Menulis artikel yang lalu aku tergerak untuk menelaah sedikit apa yang kupahami tentang Taksonomi Bloom.
Adalah Benjamin Bloom, yang memimpin sebuah tim beranggotakan para pakar pendidikan, untuk menyusun sebuah klasifikasi terhadap tujuan pendidikan. Hadirlah beberapa level yang menandakan pengusaan seseorang terhadap sebuah ilmu. Ia adalah:
- Mengingat.
- Memahami.
- Menggunakan.
- Menelaah.
- Mengevaluasi.
- Menciptakan.
Tiga yang pertama merupakan tingkatan, sedangkan 4 yang berikutnya (4-6) berada pada level yang sejajar.
Aku bukanlah pakar pendidikan. Maka aku hanya ingin sekedar menulis apa yang kupahami dari taksonomi ini, untuk memudahkan orang awam memahami dan memanfaatkannya.
Ya, level pertama, mengingat, adalah proses untuk mendapatkan sebuah pengetahuan baru. Maka sensasinya terletak di seputaran kepala. Ingat-ingatlah kali terakhir kita mempelajari sesuatu yang baru, dan terdapatilah bahwa ada sesuatu yang sedang terjadi di kepala. Dengan bahasa lain, mengetahui itu membutuhkan pikiran.
Lain dengan memahami. Paham, lebih dalam dari sekedar tahu/ingat, ia berurusan dengan sensasi rasa di seputaran dada. Perhatikan bagaimana seseorang menggerakkan tangan ketika berkata, “Saya paham apa yang Anda maksud.” Dimana tangan itu diletakkan? Umumnya di dada. Bukan di kepala, apalagi di kaki. Hehe…

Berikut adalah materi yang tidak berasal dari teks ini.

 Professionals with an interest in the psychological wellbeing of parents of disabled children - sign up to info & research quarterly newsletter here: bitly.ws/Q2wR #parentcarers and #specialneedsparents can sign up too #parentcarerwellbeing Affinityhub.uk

Maka pemahaman, membutuhkan lebih dari sekedar olah pikir, ia memerlukan olah rasa. Tak heran jika terkadang kita membutuhkan waktu lama untuk dapat memahami seseorang, padahal telah bertahun-tahun mengenalnya. Sebab mengenal, memang seringkali baru pada level pengetahuan.
Dari pemahaman lah, akan lahir penggunaan. Ya, karena hanya mereka yang paham lah yang akan mampu melakukan. Namun jangan salah mengerti, bahwa pengetahuna dan pemahaman yang saya maksud tak berkaitan dengan strata pendidikan atau proses formal lainnya. Ia semata berkaitan dengan keterampilan yang dikuasai.

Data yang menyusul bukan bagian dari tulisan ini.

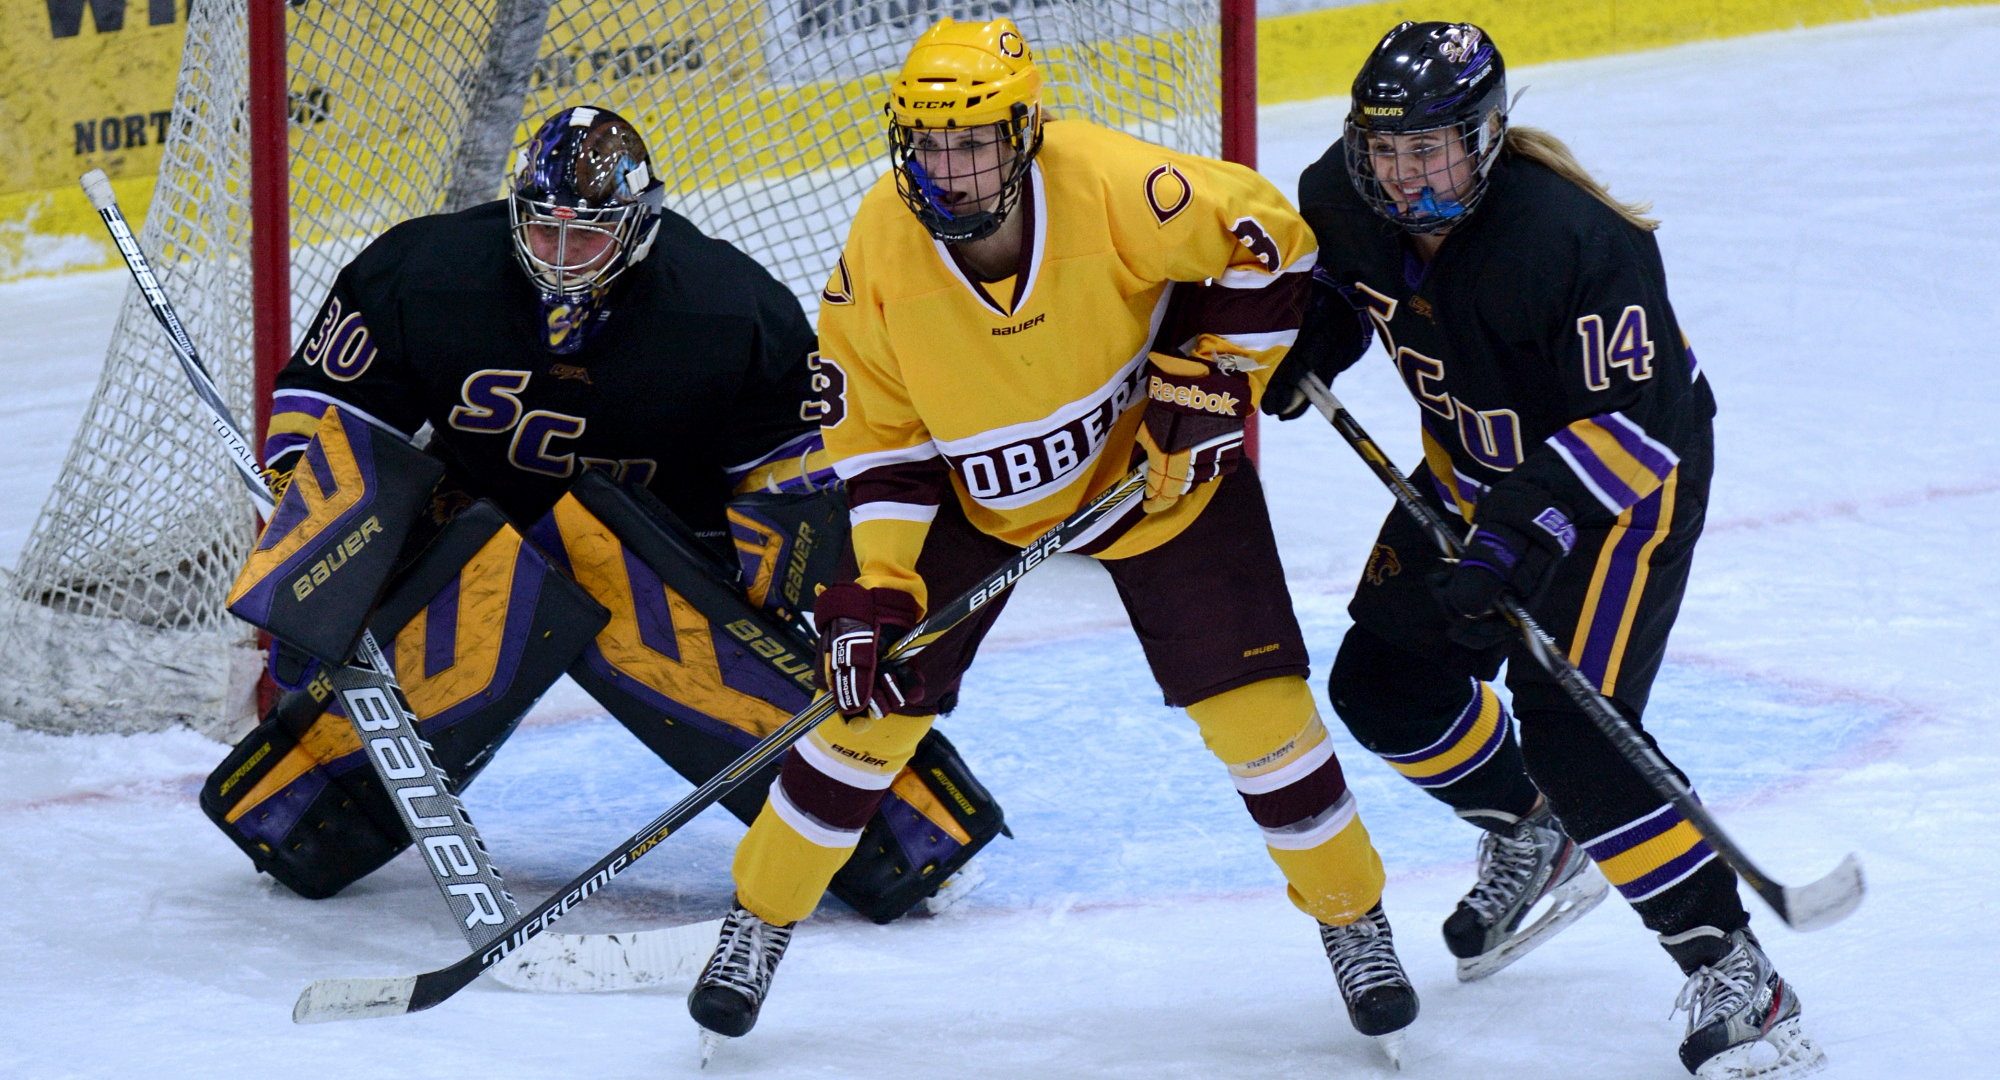 Senior Ellen Rethwisch had one of the two Cobber goals in the team's first loss of the year at St. Catherine.

Penggunaan, adalah olah gerak. Manusia adalah makhluk yang digerakkan oleh rasa, oleh makna, dan karenanya penggunaan hadir pasca pemahaman. Ia lah induk dari keterampilan, yakni hasil dari pengulangan. Dikatakan seseorang bisa menggunakan sepeda motor, tentu bukan hanya karena ia mampu menggunakan sekali dua kali. Harus lah kita melihatnya secara konsisten, baru lah kita sebut ia mampu menggunakan terus-menerus.
Maka tahu-paham-mampu sejatinya adalah hasil dari olah pikir (kecerdasan intelektual), olah rasa (kecerdasan emosional), dan olah gerak (kecerdasan fisikal). Masih ada satu lagi kecerdasan yang belum terbahas, yakni kecerdasan spiritual.
Dimana kah ia berada?
Di level menelaah-mengevaluasi-menciptakan. Ketiga level ini, disejajarkan sebab mungkin memang ia berada pada ranah yang sama, sebagaimana ia membutuhkan satu lagi kecerdasan yang sama: spiritual.
Kecerdasan spiritual, bukan hanya soal kesadaran seseorang akan persoalan ketuhanan. Ia sebenarnya berurusan dengan kesadaran akan makna-makna. Dan hanya orang yang telah melewati tahap tahu-paham-mampu lah yang dapat melakukan telaah-evaluasi-cipta.
Tak cukup hanya sekedar bisa untuk mampu mencipta. Penciptaan, memerlukan penelusuran mendalam akan inti sebuah ilmu, hingga kan terlahir bentuk baru. Maka para praktisi (mereka yang mampu mempraktikkan sebuah ilmu), belum tentu bisa mencipta, jika ia tak melakukan olah jiwa untuk menemukan makna-makna, hakikat dari setiap pembelajaran. Sebaliknya, ia yang belum kaya pengalaman, namun rajin praktik sembari menyelami makna, bisa jadi mampu mencipta dengan lebih cepat dibandingkan yang lain.
Ah, mungkin inilah maksud dari nasihat seorang guru, “Jangan berharap banyak hanya dari jam terbang. Berharap lah dari jam penghayatan.”